The West Landing project - which has yet to be considered for approval by LAFCO (Local Area Formation Commission) - would ultimately take the western Ceres city limits to Ustick Road, while adding an estimated 12,000 new residents. Development would also include commercial, office and industrial space.

In June county Public Works Director Matt Machado asked the city to force the developers to pay for an estimated $13 million in road improvements to handle the traffic caused by development.

A total of 29 intersections are expected to be subjected to "significant and unavoidable impacts" by the project, the project environmental impact report (EIR) noted. The EIR details that intersections of Carpenter/Whitmore, Crows Landing/Keyes, Carpenter/Hatch and Crows Landing/Seventh will be impacted as well as Crows Landing Road and Whitmore Avenue east of Blaker Road.

A smaller mitigation fee was developed when officials decided it wasn't appropriate to include the Highway 99/Crows Landing Road interchange in the mitigation fee.

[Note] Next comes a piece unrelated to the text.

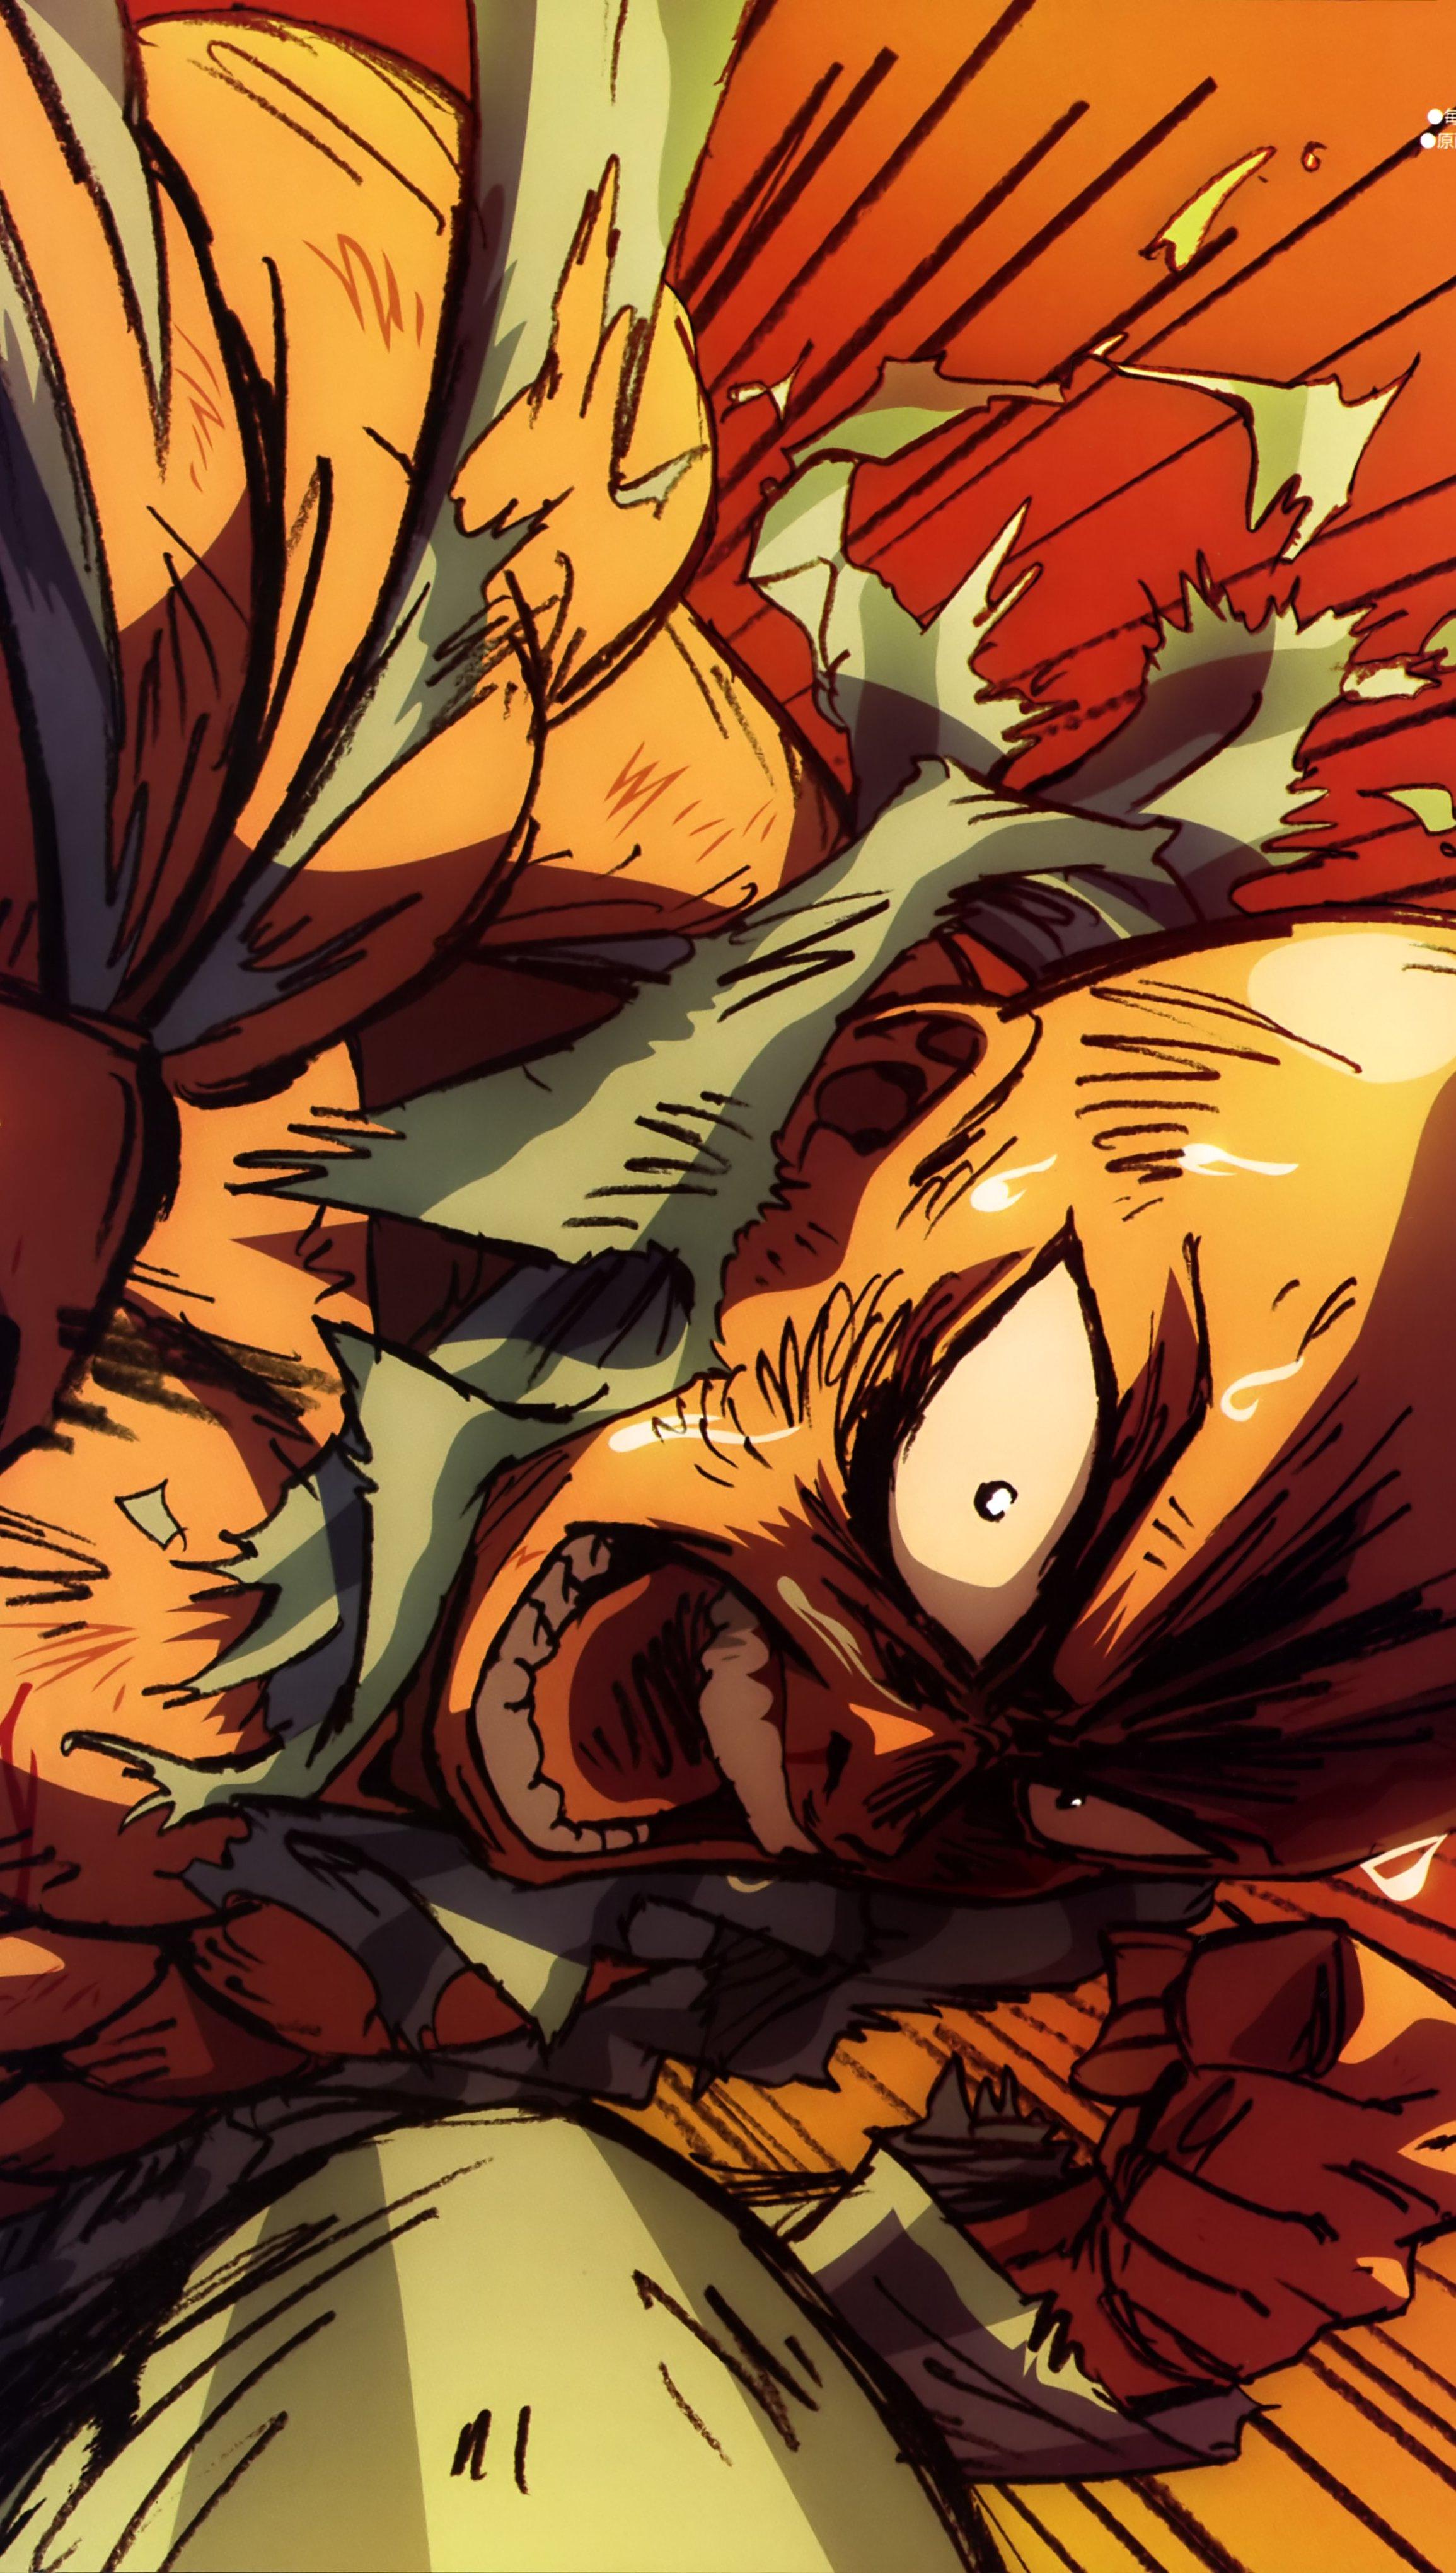 Fondos de pantalla Anime Saitama One Punch Man Vertical

The West Landing project was triggered by property owners' plans to annex 960 acres on the west side to Ceres city limits. The area is bounded by Whitmore Avenue to the north, Service Road to the south, the Union Pacific Railroad tracks to the east and Ustick Road on the west. The plan includes the annexation of the G3 plant - once was the Proctor & Gamble plant - as well as the Stanislaus County government complex.

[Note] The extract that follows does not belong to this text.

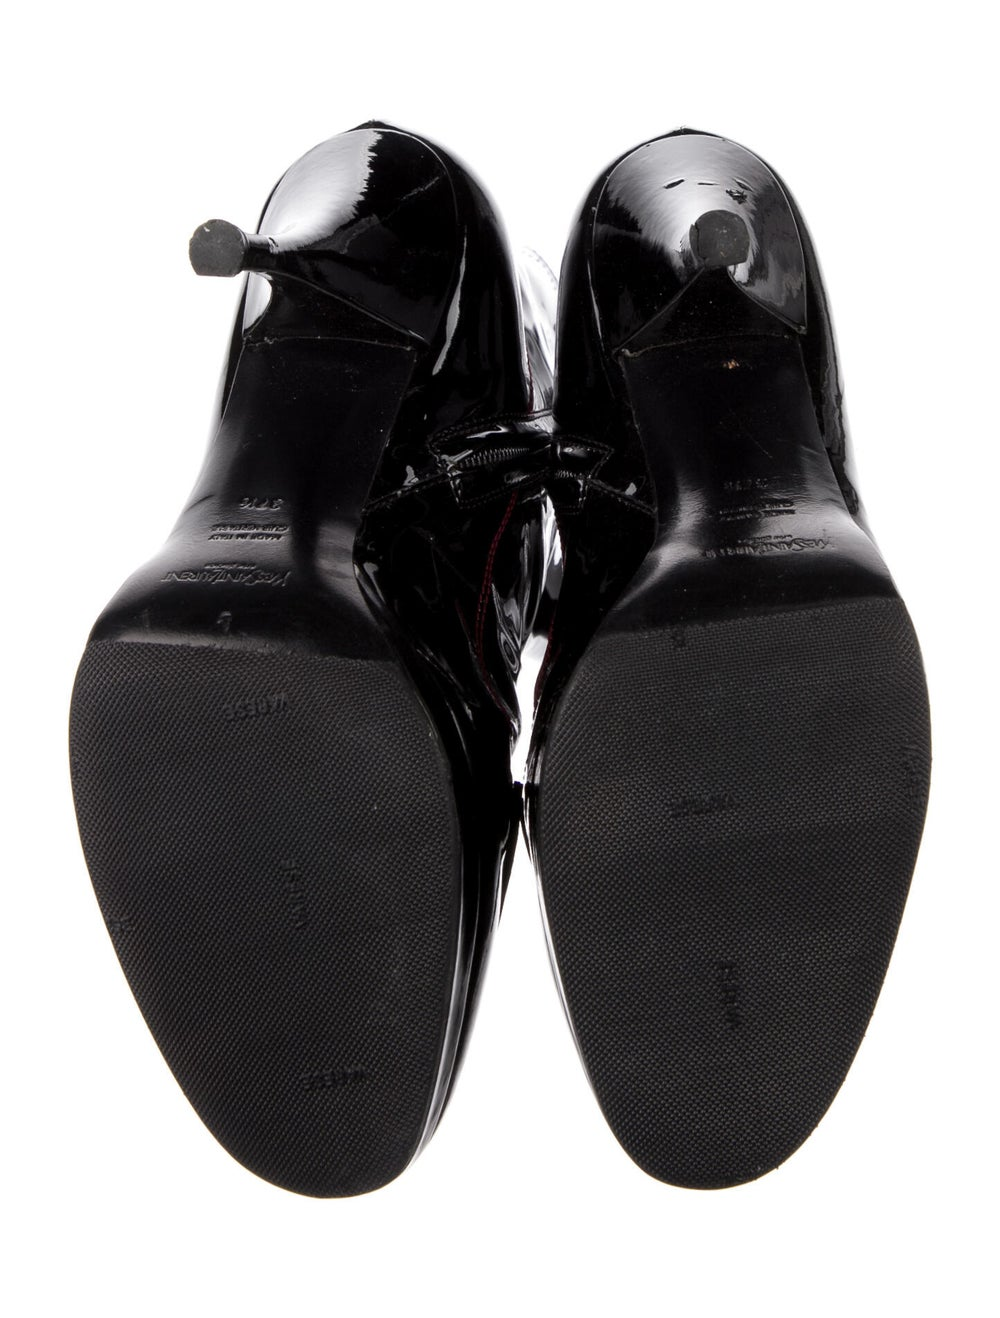 Yves Saint Laurent Rive Gauche Patent Leather Boo… - image 5

City policy calls for large scale annexations to only be considered when an areawide master plan is formed to look at land use, circulation, housing, infrastructure and public facilities and services. The policy was put in place to eliminate piecemeal development.

West Landing includes:

• A housing mix of 293 acres, or 1,310 multi-family units and 2,325 single-family houses;

• 34 acres of regional commercial acres;

• 884,200 square feet of retail commercial;

• 383,910 square feet of office uses;

• 802,100 square feet of light industrial;

• 174 acres of county facilities that already exist at the corner of Crows Landing and Service roads.

• 47 acres of parkland;

• 16 acres for schools.

If approved by LAFCO, the Local Agency Formation Commission, the project would likely start when the economy recovers and could take an estimated 20 years or longer to complete.

The project is being proposed by developer/ property owners G3 Enterprises, Rutland Properties and B.S. Boyle Jr. Limited Partnership.